Just to give you an idea 10% of the searches that we make daily are meant to help us better understand things that we don’t know well. These searches usually are directed to Wikipedia or can be answered directly by the search engine with its knowledge graph panels. With NLP you can provide immediately this information to the reader without having him or her jump somewhere else.
We see a lot of these examples where NLP is used to create in-links that matter to the reader. Look for example at how The Guardian is using it in its articles to connect articles around “Russia” and “Vladimir Putin”.
3. Content recommendation
When content is annotated using natural language processing, the metadata is stored in a machine-readable format like JSON-LD, Microdata or RDF. Machine Learning is good at classifying information and predicting for instance, what the user will like to read next.

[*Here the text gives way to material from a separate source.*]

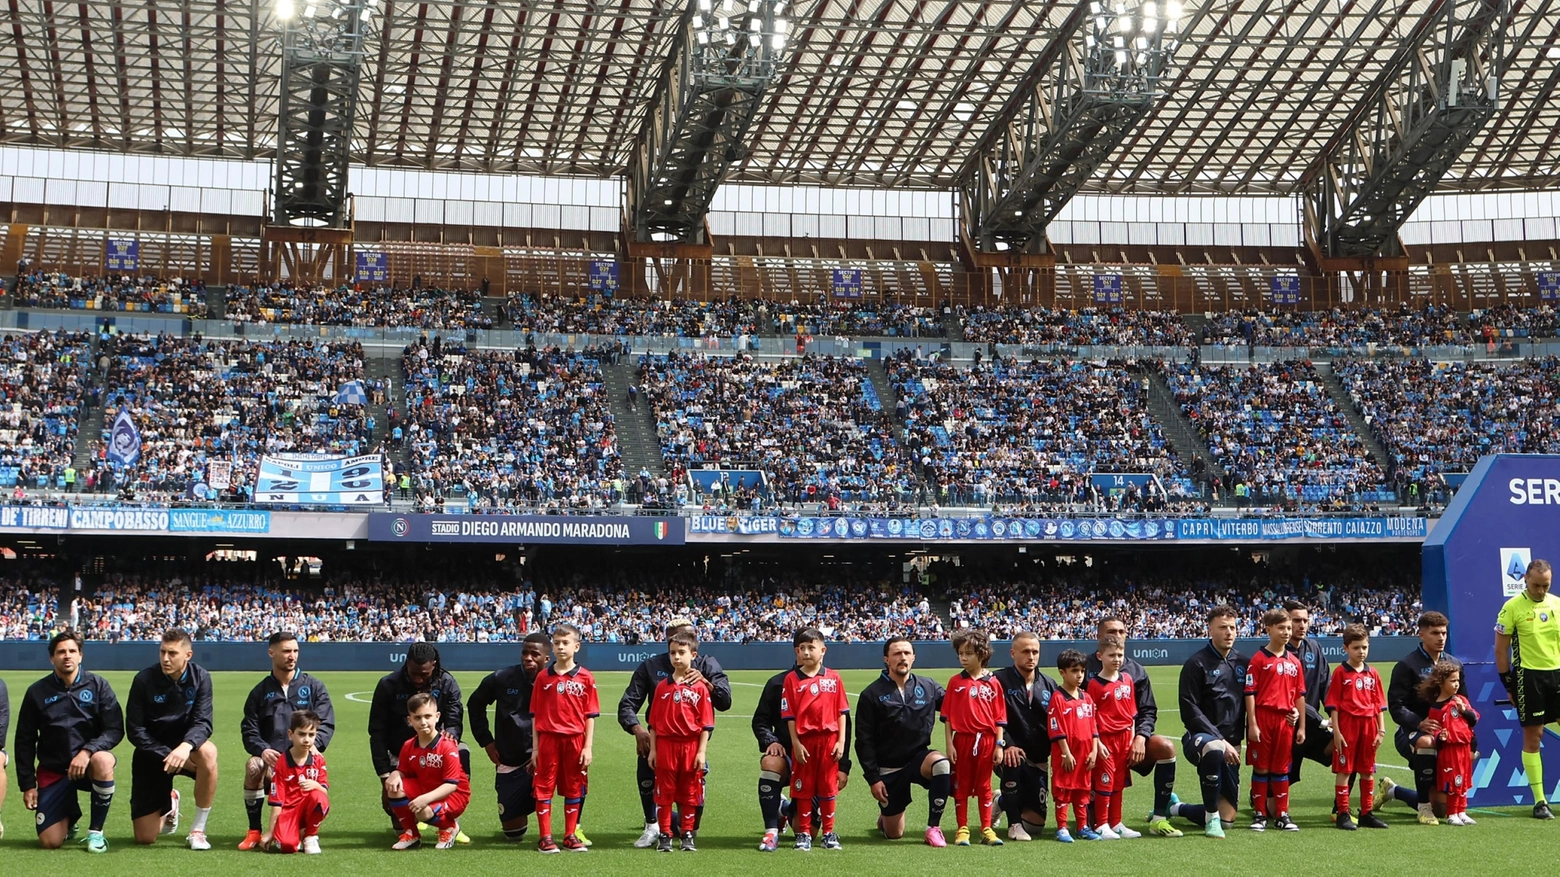 Il Napoli si inginocchia per protesta contro il razzismo sul campo dello stadio Maradona (Ansa)

Content recommendations greatly improve what SEOs called dwell time, the time that users spend on a website between the click on a search result and the return back to the SERP.
The more the recommendations are good the more readers remain engaged with the content.
Adding a semantic layer of metadata to the content greatly improves the machine learning models that we can build to help the user jump from one article to another.
A great work in this area has been done by PoolParty and here you can find an interesting presentation on their Semantic Classifier and how it can help you create content recommendations that combine semantic enrichments produced by NLP with neuronal networks. The intersection between NLP, Semantic Graphs, and Machine Learning is also referred to as Semantic AI.
4. Smart redirections and 404s handling
This is a fairly narrow and yet very powerful mechanism that allows a website, like Quora, that is built around topics to route the user to the right topic by intercepting all the alternative names a concept might have. You can see it in action by directing your browser to a topic page like this:
You will notice that your browser automatically redirects the request to the topic page for Search Engine Optimization located at the URL:
The web server of Quora has been configured to understand that “SEO” is equivalent for “Search Engine Optimization” and this is done by de-referencing the entity Search Engine Optimization in public knowledge graphs like DBpedia where all the synonyms for a given concept are described.
In other words for every topic page, by de-referencing each concept with the equivalent entity in large linguistic graphs, Quora is able to configure multiple 301 redirects to intercepts requests without having to worry about how each user is calling a specific concept. Yes, this configuration can be also easily implemented via WordLift 😉 when entities are detected by the NLP, WordLift de-reference them using Wikidata, DBpedia, Yago and other large semantic graphs.
5. Topic targeting
In recent years the attention has moved – at least for some SEO Experts – from targeting keywords to targeting topic clusters. As search engines are more capable of understanding the world around us and disambiguation comes into play the same results can be presented to the user across multiple searches that share the same intent; the competition is no longer on targeting a specific keyword but rather becomes about being relevant for a specific topic.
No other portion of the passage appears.